Repeat for 1-15 trillion examples, adjusting weights each time.

The training data comes from a massive, carefully curated corpus: web crawls (Common Crawl, refined subsets), books, Wikipedia, academic papers, code from GitHub and StackOverflow. Data quality matters enormously — deduplication, toxicity filtering, and domain balancing are all critical preprocessing steps. "Garbage in, garbage out" operates at planetary scale during pre-training.

What pre-training produces

After pre-training, you have a base model — a powerful text completion engine that has absorbed world knowledge, language understanding, and the seeds of reasoning ability. But a base model is not yet a useful assistant. Ask it a question, and it might continue with another question instead of answering. It has learned to complete text, not to follow instructions.

Can do: Complete text naturally, demonstrate knowledge (sometimes), write code (sometimes)
Cannot do well: Follow instructions reliably, refuse harmful requests, have a conversation

Compute cost: why you will never pre-train a model

Pre-training a frontier model costs $1M–$100M+ in compute. This requires thousands of GPUs running for weeks or months. As an AI engineer using the Claude API, you will never pre-train a model — and that is fine. Your job is to make the most of the model that Anthropic has already trained. Understanding how it was trained helps you understand why it behaves the way it does.

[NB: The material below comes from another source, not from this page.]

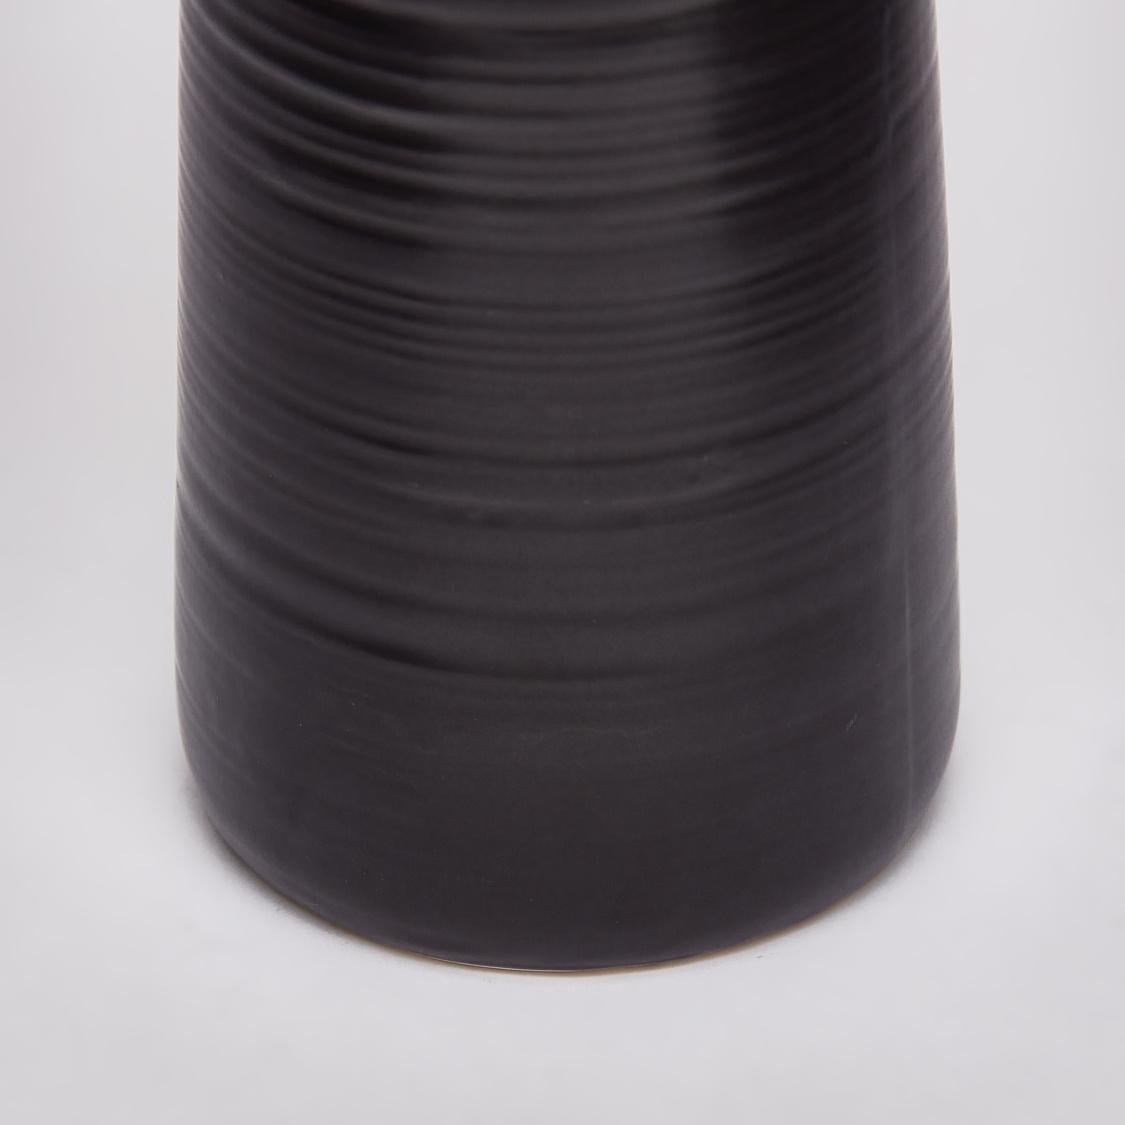 Decorative Ceramic Vase 20x8.5x7 cm

Stage 2 — Supervised Fine-Tuning (SFT)

From a raw language model to an assistant

Supervised Fine-Tuning transforms the base model from a text completion engine into something that actually follows instructions. The training data is a curated set of (instruction, response) pairs — examples of what a helpful assistant should say:

Instruction: "Explain quantum computing in simple terms"
Response:    "Quantum computing uses quantum bits (qubits) that can
              exist in multiple states simultaneously, unlike classical
              bits which are either 0 or 1. This allows quantum
              computers to process certain problems much faster..."

Instruction: "Write a Python function to reverse a string"
Response:    "def reverse_string(s: str) -> str:
                  return s[::-1]"

10K–100K high-quality instruction-response pairs

SFT datasets are small compared to pre-training data, but they are extremely high quality. Each example is carefully written or curated to demonstrate the ideal assistant behavior. The model's massive pre-training knowledge is already there — SFT just teaches it the format of being helpful.

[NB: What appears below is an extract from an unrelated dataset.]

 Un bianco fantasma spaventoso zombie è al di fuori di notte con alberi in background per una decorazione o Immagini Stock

What SFT teaches — and what it does not

SFT is remarkably effective at teaching format, tone, and instruction following. After SFT, the model knows to answer questions rather than continuing them, to format code in code blocks, and to structure responses with headers and bullet points when appropriate.

What SFT cannot teach effectively is preferences, values, and nuanced tradeoffs. When a user asks a politically sensitive question, what is the "correct" response? When two values conflict (helpfulness vs. safety), how should the model balance them? These require a different approach.

Stage 3 — RLHF and DPO

Reinforcement Learning from Human Feedback

RLHF addresses the gap that SFT leaves: teaching the model preferences that are hard to specify as explicit rules. The process has three steps:

Collect preference data: Show human evaluators two responses to the same prompt and ask which is better. Not "rate this 1–5," but "which of these two would you prefer?" This comparative approach is more reliable because humans are better at ranking than scoring.
Train a reward model: Train a separate model to predict human preferences. Given a prompt and a response, the reward model outputs a score that estimates how much a human would prefer this response.
Optimize with PPO: Use Proximal Policy Optimization to fine-tune the LLM to generate responses that the reward model rates highly, while staying close to the SFT model (to prevent reward hacking).

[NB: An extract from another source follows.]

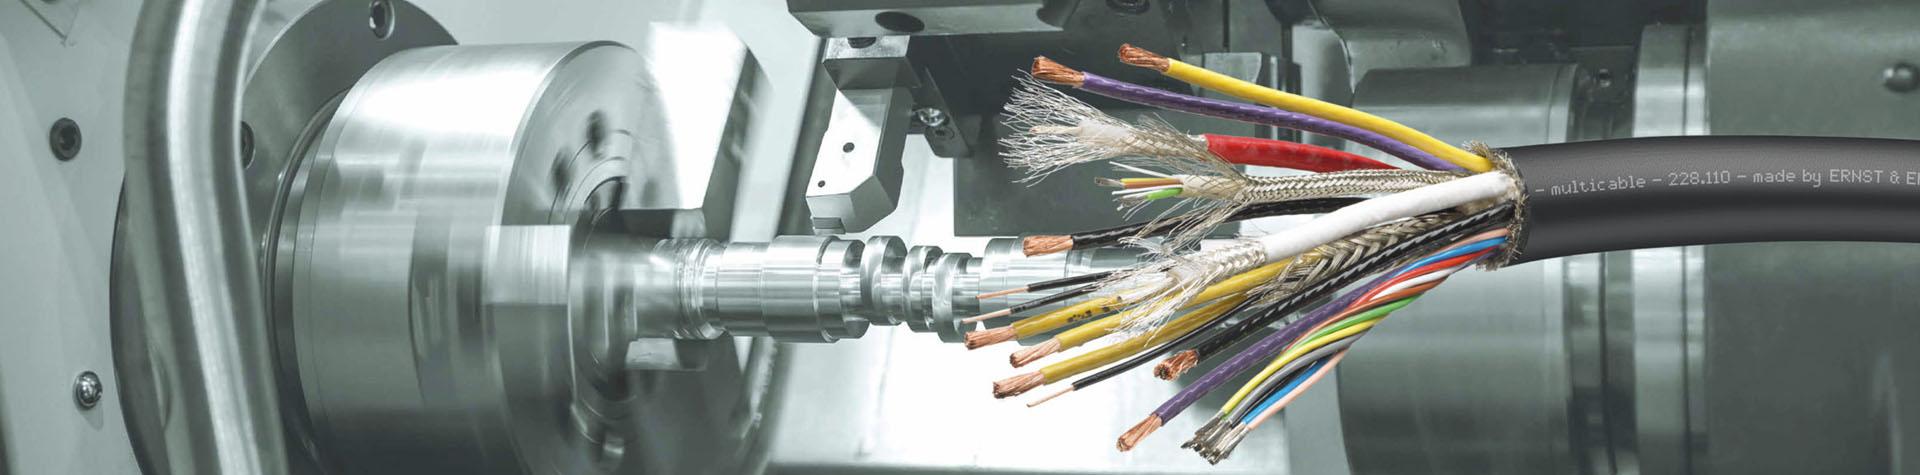 Abisoliertes Kabel schwarz vor Maschine

Prompt: "Write a poem about coding"
Response A: [creative, well-structured, specific]    <- Human prefers this
Response B: [generic, repetitive, vague]

The reward model learns: Response A patterns = higher reward
The LLM is then optimized to produce more Response A patterns

DPO: a simpler alternative

Direct Preference Optimization skips the reward model entirely. It directly optimizes the LLM using preference pairs — increasing the probability of preferred responses and decreasing the probability of rejected ones:

For each (prompt, preferred_response, rejected_response):
  Increase probability of preferred_response
  Decrease probability of rejected_response

DPO is simpler to implement, does not require a separate reward model, and produces more stable training. The tradeoff is that it may not capture extremely nuanced preferences as well as full RLHF. In practice, many recent models (including Claude) use DPO or related techniques as part of their post-training pipeline.

What post-training adds

The combination of SFT and RLHF/DPO produces the assistant behavior you see in production models: helpfulness, safety guardrails, refusal of harmful requests, and the nuanced judgment that makes Claude feel like a thoughtful collaborator rather than a text generator.

Scope Note

Coverage Gap #1 from the course analysis: fine-tuning is explained at the conceptual level in this module. Full build-level fine-tuning implementation is out of scope for this course — as an AI engineer using the Claude API, you will primarily work with prompting and RAG rather than training your own models.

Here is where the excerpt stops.